Александр, по обыкновению своему молчаливый, не ответил.

У Дмитрия Александровича не было иллюзий. Он не надеялся вновь найти «блестящий Санкт-Петербург» своего детства. Но зато он будет слышать кругом родной язык и родная земля покроет его останки, когда он отдаст душу.

– Даже красные не могут мне этого запретить.

И кстати, существовали ли еще эти красные? Невозможно было вовсе отказать в законности государству, с такой славой разгромившему захватчиков. Независимость более ценна, чем свобода. Да и слово свобода никогда не воодушевляло бывшего лейтенанта. Он происходил из рода, для которого слава была синонимом служения: стремление к свободе казалось его предкам и ему идеалом раба. А если там не было частной собственности, то что же – без нее Псарь легко обойдется: для него было важнее принадлежать стране, чем обладать в ней чем-либо. Каким облегчением будет сжечь этот ничейный паспорт, носящий название Нансеновского! И Александр вырастет в своей стране, научится служить ей, даже в кадетском корпусе – он вновь появился под названием Суворовское училище.

Странной была для Дмитрия Александровича его первая встреча с «товарищами». Когда он нажимал на кнопку звонка советского посольства, ему казалось, что мир должен взорваться, как если бы частица материи столкнулась с частицей антиматерии. Но мир не взорвался, и советские показались эмигранту более или менее нормальными соотечественниками.

Позже он рассказал своим настоящим товарищам, корнетам и лейтенантам, которым было уже под пятьдесят:

– Знаете, нет у них ни рогов, ни раздвоенных копыт.

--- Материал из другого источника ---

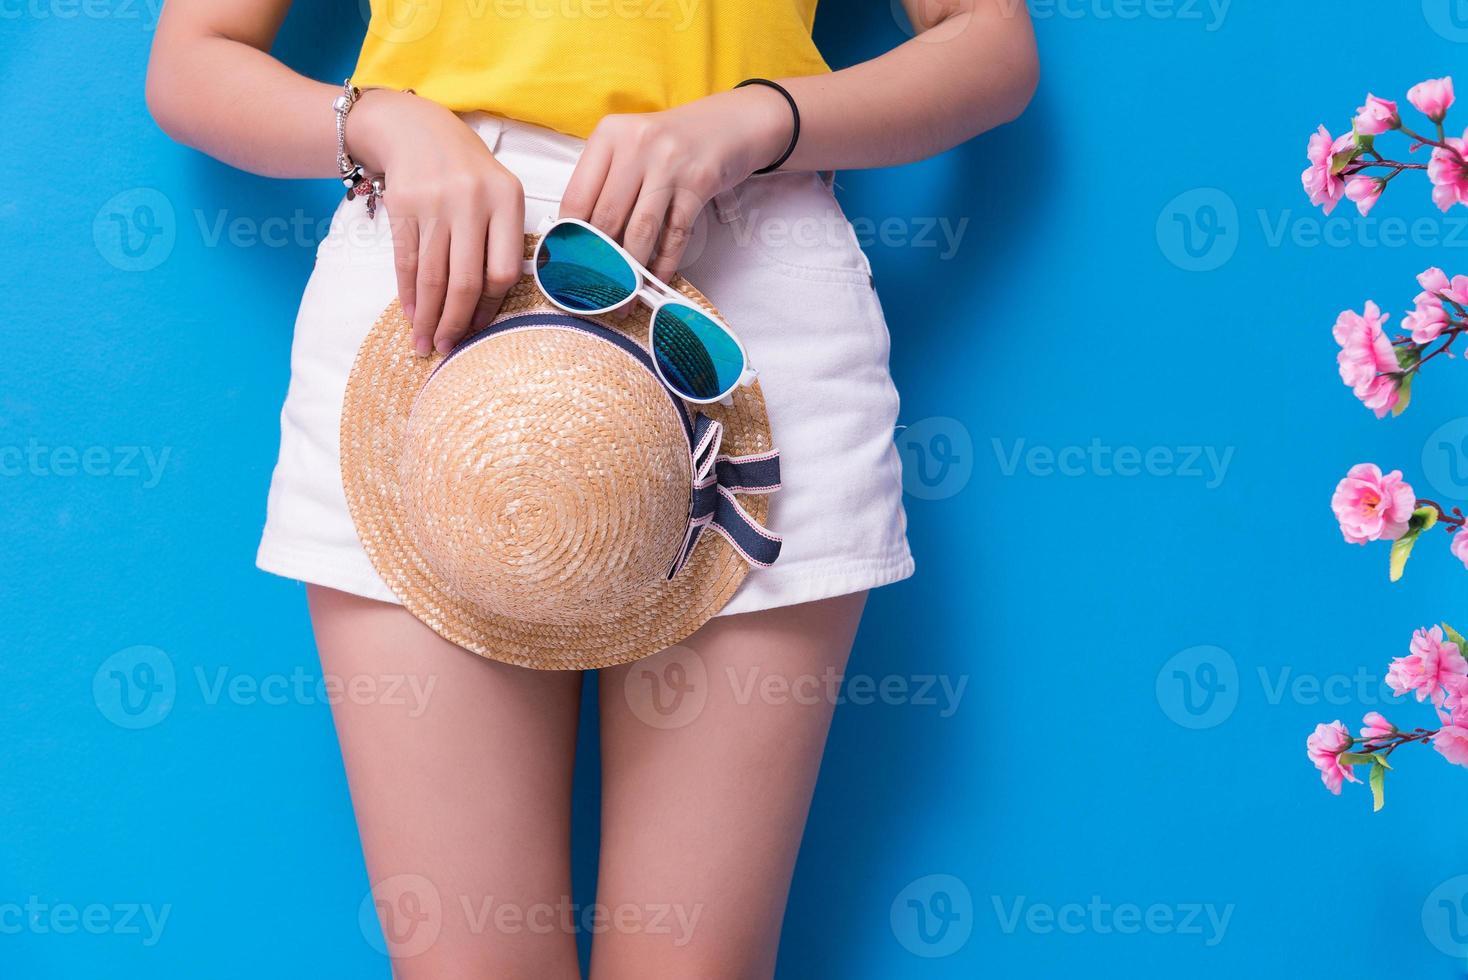 Nahaufnahme der Schönheitsfrau, die mit Sonnenbrille und Strohhut vor blauem Wandhintergrund aufwirft. Sommer- und Vintage-Konzept. Glück Lifestyle und Menschen Portrait Thema. süßer Pastellton. Unterkörper foto

Но что его удивило, это встреченное им у «товарищей» бюрократическое высокомерие, открытое ощущение превосходства… Ему дали понять, что речь идет не о примирении, а о прощении. А чтобы его заслужить, он должен был униженно покаяться, признать свои ошибки, и не только политические. Манеры его, например, указывали на степень его упадка. Однажды, перелистывая том Ленина, Дмитрий Александрович привычно послюнявил палец, и немедленно на него уставились орлиный нос и угрожающие очки учителя «катехизиса»:

– Никогда больше этого не делайте. У нас это признак плохого воспитания.

Но прежде всего он должен был заполнить страницы и страницы формуляров анкеты. Он должен был не только исповедаться во всех своих грехах против советского правительства, но составить полный перечень всех своих родственников без исключения и написать их биографии. Он приуменьшил свои подвиги и заявил, что все его родственники умерли. Навязчивая идея всех возвращенцев – не повредить тем, кто нашел способ выжить там – пришла и к нему.

Он просыпался по ночам:

– Должен ли я был двоюродного брата Алешу объявить мертвым или вовсе не упоминать о нем?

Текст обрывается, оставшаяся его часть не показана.